就是这样，这将使model随时可以在您的自定义数据集上进行训练和评估

补充3.2 替换backbone

The other is when we want to replace the backbone of the model with a different one (for faster predictions, for example).

import torchvision
from torchvision.models.detection import FasterRCNN
from torchvision.models.detection.rpn import AnchorGenerator

# load a pre-trained model for classification and return
# only the features
backbone = torchvision.models.mobilenet_v2(pretrained=True).features
# FasterRCNN needs to know the number of
# output channels in a backbone. For mobilenet_v2, it's 1280
# so we need to add it here
backbone.out_channels = 1280

# let's make the RPN generate 5 x 3 anchors per spatial
# location, with 5 different sizes and 3 different aspect
# ratios. We have a Tuple[Tuple[int]] because each feature
# map could potentially have different sizes and
# aspect ratios
anchor_generator = AnchorGenerator(sizes=((32, 64, 128, 256, 512),),
                                   aspect_ratios=((0.5, 1.0, 2.0),))

# let's define what are the feature maps that we will
# use to perform the region of interest cropping, as well as
# the size of the crop after rescaling.
# if your backbone returns a Tensor, featmap_names is expected to
# be [0]. More generally, the backbone should return an
# OrderedDict[Tensor], and in featmap_names you can choose which
# feature maps to use.
roi_pooler = torchvision.ops.MultiScaleRoIAlign(featmap_names=[0],
                                                output_size=7,
                                                sampling_ratio=2)

# put the pieces together inside a FasterRCNN model
model = FasterRCNN(backbone,
                   num_classes=2,
                   rpn_anchor_generator=anchor_generator,
                   box_roi_pool=roi_pooler)
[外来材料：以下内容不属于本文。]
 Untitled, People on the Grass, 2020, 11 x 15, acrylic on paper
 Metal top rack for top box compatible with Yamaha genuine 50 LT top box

4. Training and evaluation functions

# Download TorchVision repo to use some files from
# references/detection
git clone https://github.com/pytorch/vision.git
cd vision
git checkout v0.3.0

cp references/detection/utils.py ../
cp references/detection/transforms.py ../
cp references/detection/coco_eval.py ../
cp references/detection/engine.py ../
cp references/detection/coco_utils.py ../

在references/detection/中，我们提供了许多帮助程序功能来简化训练和评估检测模型。在这里，我们将使用references/detection/engine.py，references/detection/utils.py和references/detection/transforms.py。只需将它们复制到您的文件夹中并在此处使用它们即可。

Let’s write some helper functions for data augmentation / transformation, which leverages the functions in refereces/detection that we have just copied:

from engine import train_one_epoch, evaluate
import utils
import transforms as T


def get_transform(train):
    transforms = []
    # converts the image, a PIL image, into a PyTorch Tensor
    transforms.append(T.ToTensor())
    if train:
        # during training, randomly flip the training images
        # and ground-truth for data augmentation
        transforms.append(T.RandomHorizontalFlip(0.5))
    return T.Compose(transforms)

请注意，我们不需要在数据转换中添加均值/标准差归一化或图像缩放，因为这些是由Mask R-CNN模型内部处理的。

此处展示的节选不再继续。